[Dataset excerpts]
= Beginning of Section =

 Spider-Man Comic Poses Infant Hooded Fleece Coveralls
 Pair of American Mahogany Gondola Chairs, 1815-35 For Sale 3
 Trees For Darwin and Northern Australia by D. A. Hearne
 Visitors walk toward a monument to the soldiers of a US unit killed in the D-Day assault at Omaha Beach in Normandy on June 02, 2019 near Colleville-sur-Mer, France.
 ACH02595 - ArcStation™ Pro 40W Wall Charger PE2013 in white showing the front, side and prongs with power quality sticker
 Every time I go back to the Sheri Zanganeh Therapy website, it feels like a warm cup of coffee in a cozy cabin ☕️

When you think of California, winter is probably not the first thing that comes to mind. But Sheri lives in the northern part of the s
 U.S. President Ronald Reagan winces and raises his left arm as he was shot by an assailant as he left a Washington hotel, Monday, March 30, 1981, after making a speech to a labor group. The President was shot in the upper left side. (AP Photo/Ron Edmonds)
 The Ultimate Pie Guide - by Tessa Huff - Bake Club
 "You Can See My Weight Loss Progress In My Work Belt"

= End of Section =

What you are asked to do —
With no alteration of any kind, give the data again in full.

Solution to the exercise —
 Spider-Man Comic Poses Infant Hooded Fleece Coveralls
 Pair of American Mahogany Gondola Chairs, 1815-35 For Sale 3
 Trees For Darwin and Northern Australia by D. A. Hearne
 Visitors walk toward a monument to the soldiers of a US unit killed in the D-Day assault at Omaha Beach in Normandy on June 02, 2019 near Colleville-sur-Mer, France.
 ACH02595 - ArcStation™ Pro 40W Wall Charger PE2013 in white showing the front, side and prongs with power quality sticker
 Every time I go back to the Sheri Zanganeh Therapy website, it feels like a warm cup of coffee in a cozy cabin ☕️

When you think of California, winter is probably not the first thing that comes to mind. But Sheri lives in the northern part of the s
 U.S. President Ronald Reagan winces and raises his left arm as he was shot by an assailant as he left a Washington hotel, Monday, March 30, 1981, after making a speech to a labor group. The President was shot in the upper left side. (AP Photo/Ron Edmonds)
 The Ultimate Pie Guide - by Tessa Huff - Bake Club
 "You Can See My Weight Loss Progress In My Work Belt"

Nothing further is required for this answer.